-
Notifications
You must be signed in to change notification settings - Fork 345
Description
System Info
Environment:
- CUDA Driver Version: 550.105.08
- CUDA Version: 13.0
- GPU: NVIDIA H20
- GPU Memory: 97871 MiB (~96 GB)
- Platform: OpenShift/Kubernetes
- TEI Version: 1.8.3
- TEI Image: ghcr.io/huggingface/text-embeddings-inference:hopper-1.8.3
- Model: Qwen/Qwen3-Embedding-8B
Launch Parameters:
--model-id Qwen/Qwen3-Embedding-8B
--pooling mean
--max-batch-requests 128
--max-concurrent-requests 256
--max-batch-tokens 40960
--dtype float16
Information
- Docker
- The CLI directly
Tasks
- An officially supported command
- My own modifications
Reproduction
-
Pull and run the TEI hopper image on a system with CUDA 13.0:
docker run --gpus all -p 80:80
ghcr.io/huggingface/text-embeddings-inference:hopper-1.8.3
--model-id Qwen/Qwen3-Embedding-8B
--pooling mean
--max-batch-requests 128
--max-concurrent-requests 256
--max-batch-tokens 40960
--dtype float16 -
Observe the initialization logs:
- Container starts and text embeddings router initializes
- Attempts to load model: Qwen/Qwen3-Embedding-8B
- WARNING appears: "Could not find a Sentence Transformers config"
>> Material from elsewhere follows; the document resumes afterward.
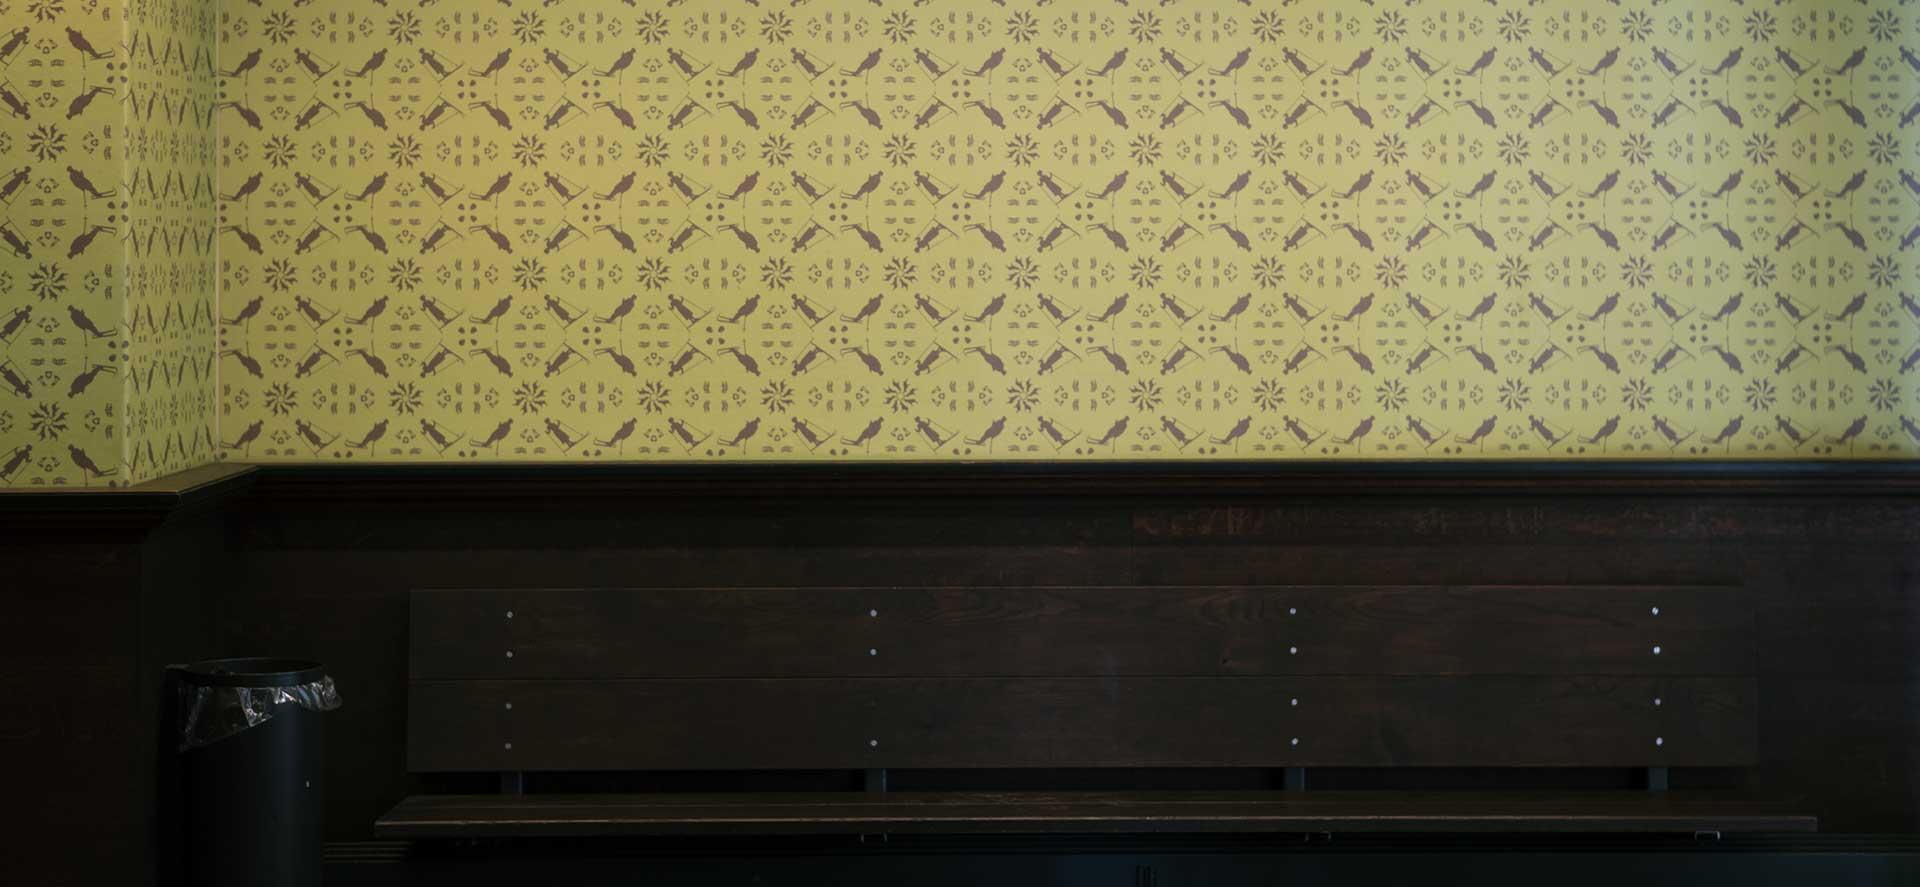 Interiordesign für Corvigliabahn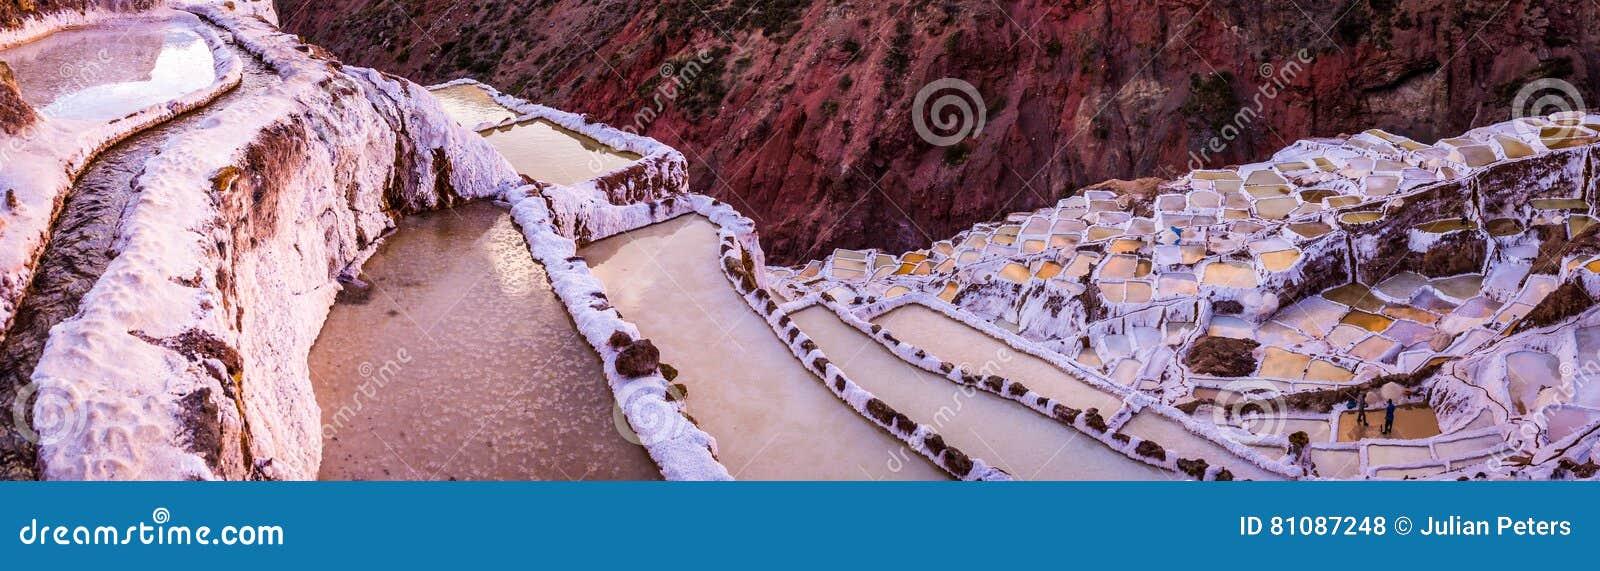 盐看法筑成池塘, Maras,库斯科省,秘鲁

- INFO: "Maximum number of tokens per request: 40960"
- INFO: "Starting 8 tokenization workers"
- INFO: "Starting model backend"
- INFO: "Starting FlashOwn3 model on Cuda(CudaDevice(DeviceId(1)))"
- CRASH: "Floating point exception (core dumped)"
-
Check GPU status:
nvidia-smi
Result: Shows 0% GPU utilization, 0 MiB memory usage, no running processes -
Result: Container fails to serve embeddings, GPU remains unused
Note: The same model works correctly with the standard CUDA 12 variant:
docker run --gpus all -p 80:80
ghcr.io/huggingface/text-embeddings-inference:1.8.3
--model-id Qwen/Qwen3-Embedding-8B
--pooling mean
Expected behavior
Container should start successfully without crashes
Questions:
- Is CUDA 13.x support planned for the hopper variant?
- Can a hopper-cuda13 image variant be provided?